The title is strange – since this is not really a movie about Tim Burton's marriage to a corpse – but it well indicates a certain anxiety about authorship that occasionally overtakes directors since the day when Federico Fellini was the first to officially incorporate his surname into a film title.

There is in fact a co-director, animator Mike Johnson, who receives equal billing in the credits (he previously worked on The Nightmare Before Christmas [1993] and James and the Giant Peach [1996]). Burton, however, wants us to be absolutely clear whose "vision" is being put across in this swift and merry tale of the undead.

Since Beetlejuice (1988), Burton has deftly exploited a certain imaginative concept that allows him to dip daintily into the "dark side" while ending up firmly on the sunny side of the street. There is no moral ledger of good or evil, no Heaven or Hell, in his work – only the living and the dead, occupying separate realms. The land of the dead is a spooky but fundamentally whimsical place for Burton, and never more so than in Corpse Bride.

Bones break, eyeballs fall from skull sockets and maggots scoot around bodily remains, but this never stops the eternal round of Cab Calloway-style musical numbers, drinking and revelry. The dead, in fact, seem to have a lot more fun than the stuffy, repressed living – exactly as in the tale in Italo Calvino's Invisible Cities where the "real" world is characterised by anal retention, and the "shadow world" is where everyone lets go. Like Calvino, Burton certainly knows how to appeal to the sensibility of small children.

The only thing that upsets the cosmic balance of these two worlds is when Victor (voiced by Johnny Depp), momentarily fleeing the prospect of an arranged marriage to Victoria (Emily Watson), finds himself in a dark wood, placing his wedding ring on a twig – which just happens to be the finger of the Corpse Bride (Helena Bonham Carter), buried in the ground.

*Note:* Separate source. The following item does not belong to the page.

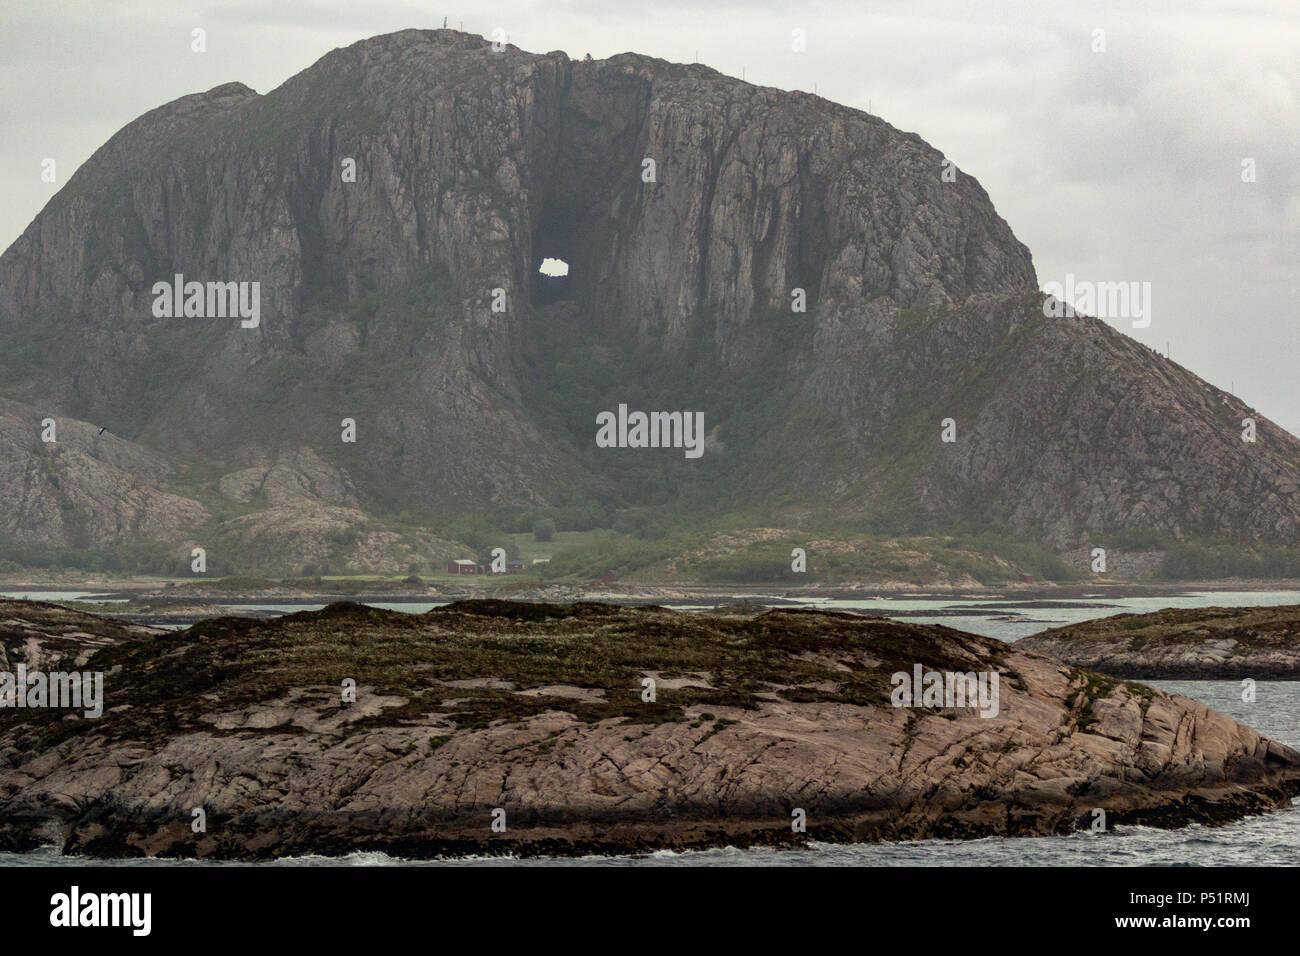 Torghatten Berg und seine unverwechselbare Loch durch den Berg gehen, klar Stockbild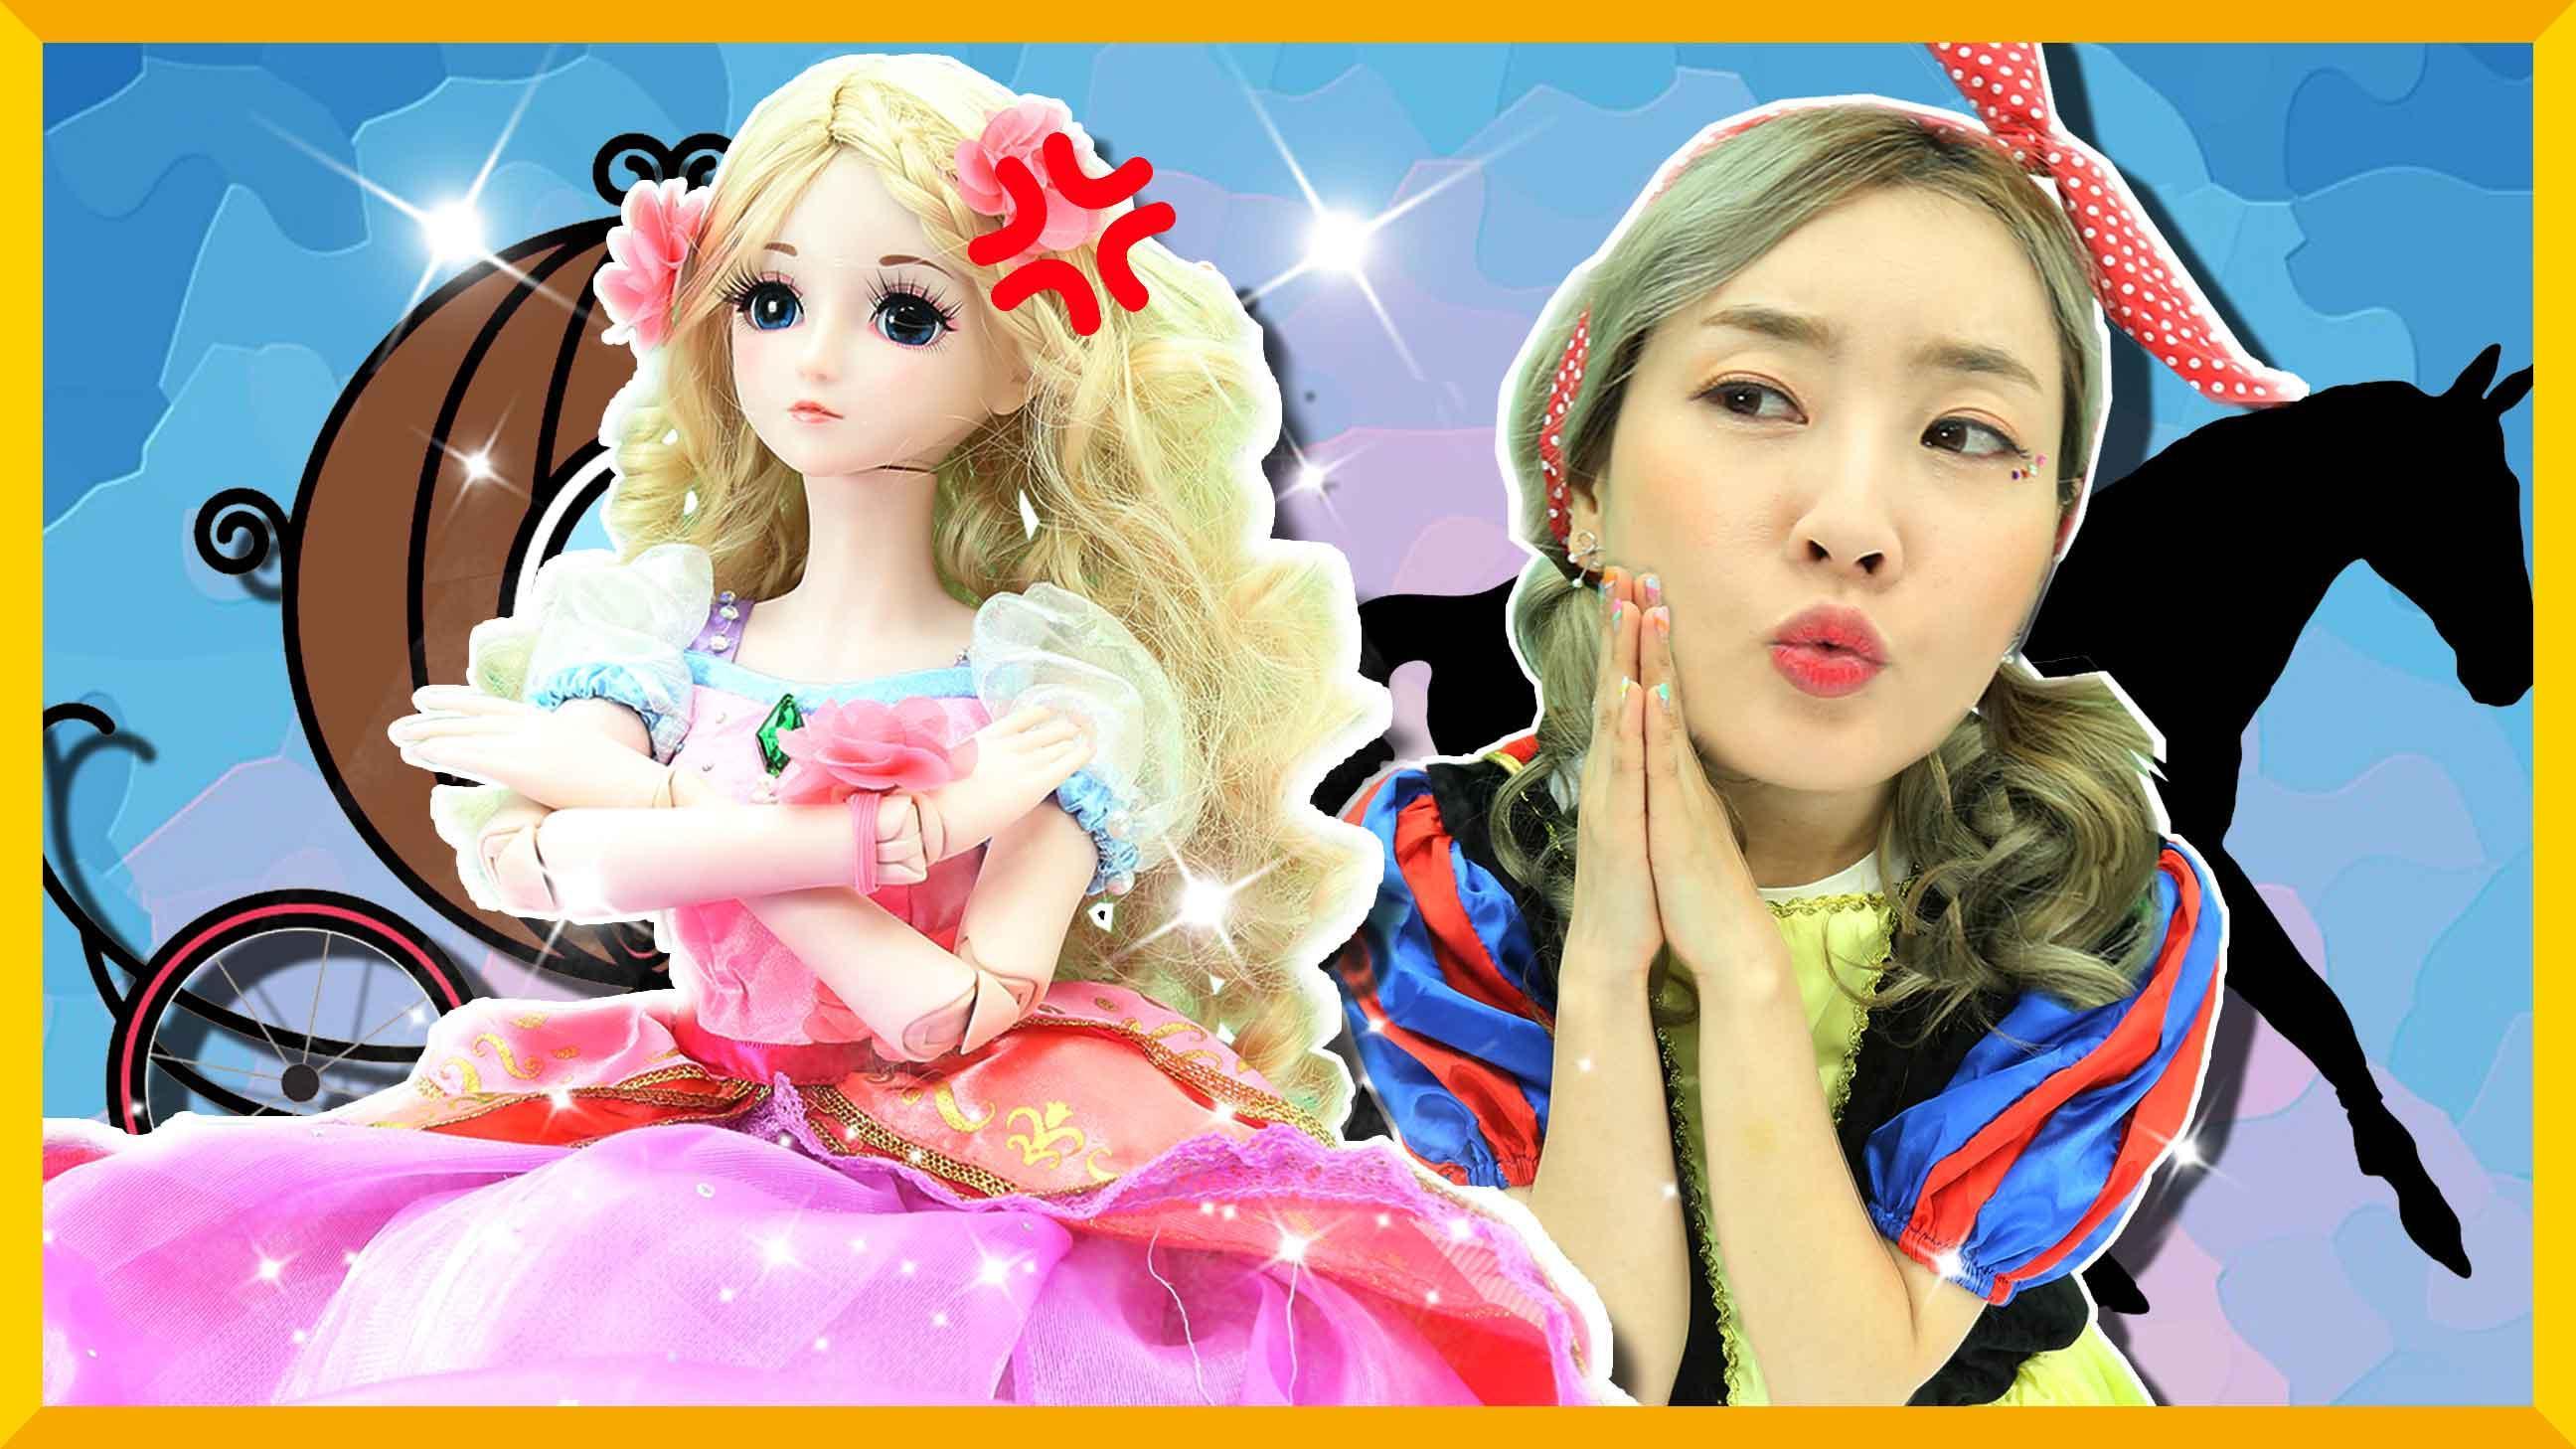 新手化妆师爱丽~给超大灵公主打造派对造型吧   爱丽和故事 EllieAndStory

Burton, whether in his live action or animation projects, tends to be less interested in plot intrigue than what we might call "description" – the leisurely evocation of a milieu, a period, a style of architecture, a way of life (or death). There are few plot complications in Corpse Bride, but the story really comes to life in the scenes where Victoria and the Bride compete for the attention of the confused Victor, who only wants to do good by everyone.

As a work of animation, Corpse Bride is inventive and ingenious – betting on the now old-fashioned appeal of stop motion animation with models (subtly enhanced with digital processes). Burton tips his hat to Ray Harryhausen (Jason and the Argonauts, 1963), but he might be better advised, at this point, to revisit the more extreme and violent style of Harryhausen's mentor, Willis O'Brien (King Kong, 1933). Danny Elfman's jaunty musical stylings are also becoming a little too familiar and repetitive.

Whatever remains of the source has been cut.